During the summer of 2003 Dad and I spent a week together a small skiff with an outboard motor fishing the archipelago on the North tip of Vancouver Island near Port Hardy.  We had our good fishing days and we had our bad fishing days, however, the most memorable experience from that trip started one foggy morning.  We departed the floating lodge just as we had the preceding, considerably sunnier mornings.  The land faded quickly as we sped out into the cold, drenching fog. Learned from a series of previous fog-fishing calamities just back across the border on the Olympic Peninsula years before, Dad cleverly brought a GPS unit, a relatively new arrival to the commercial market. 

As we disappeared into the grey, monotonous fog Dad’s attention immediately turned downward to his GPS that would guide us to our destination.   The intent was to travel a significant distance to the outer rim of Islands, passing through a series of island chains, in the Canadian Archipelago.   I sat contently in the front seat watching Captain Dad, one hand on the outboard, other firmly on the GPS (along with the full extent of his attention) take us further and further into the grey soup.   After 45minutes to an hour, almost all of which Dad had spent glued to the GPS, faithfully guiding 10-15 miles.  Rarely did his attention stray from the small, yellow electronic to quickly scan the horizon.  Attentive at the bow of the small skiff, I served as our trusty lookout watching for logs, land, or most importantly, fish.

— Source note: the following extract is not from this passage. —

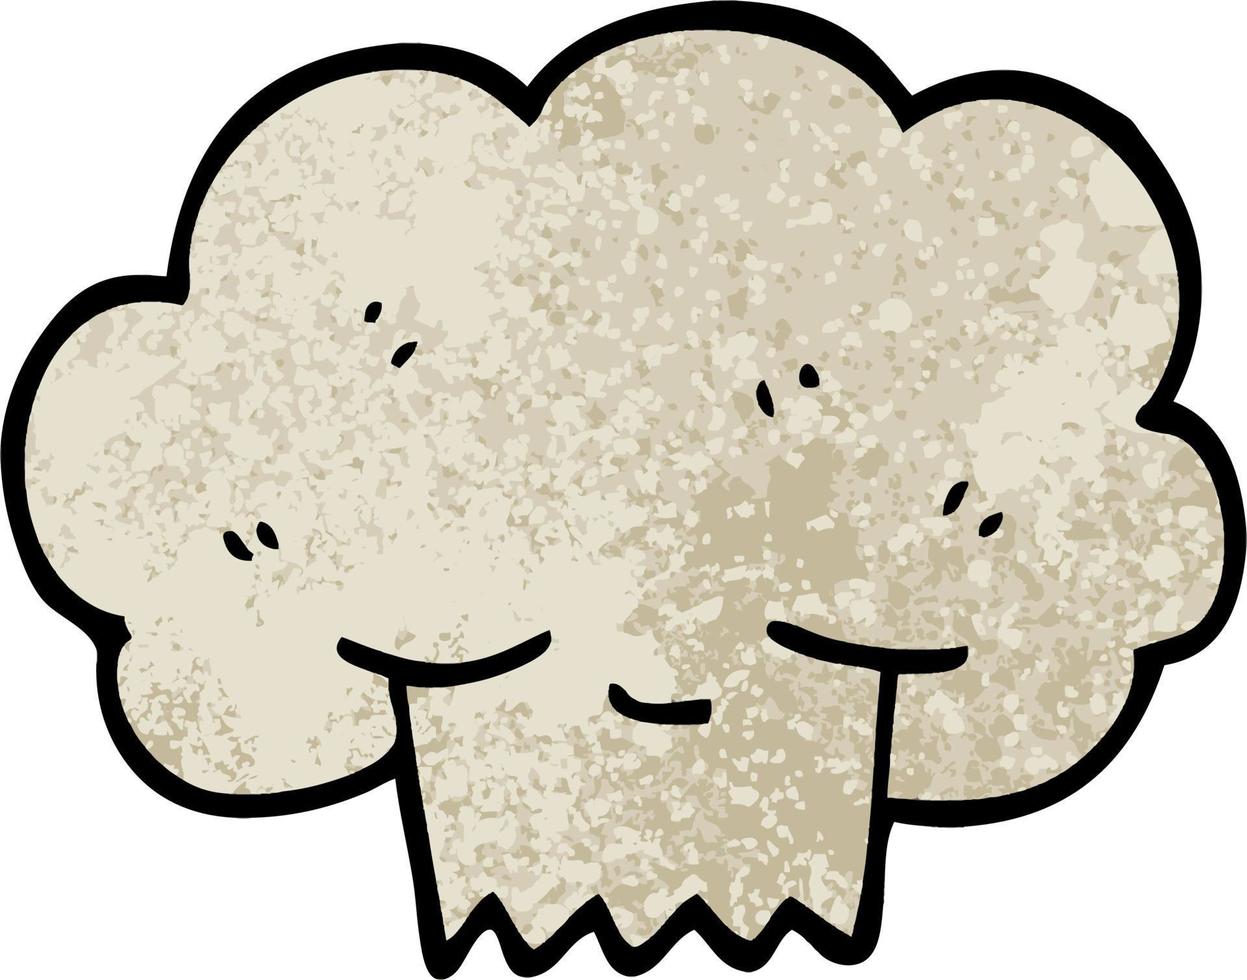 grunge textured illustration cartoon explosion cloud vector

After 60 minutes of the outboard motor droning along finally a glimpse of land began to emerge from the fog.  As we came closer a structure became distinguishable…and then…as Dad remained glued to his newfangled GPS guiding us to our destination we got a clear look… at the SAME FLOATING LODGEwe had departed from an hour earlier.  At that moment, after a second of confusion be both burst into laughter as it became painfully clear that Dad had zero idea how to work his new GPS and we had spent an hour making a big circle rather than honing in on the outer ring of islands that were our destination.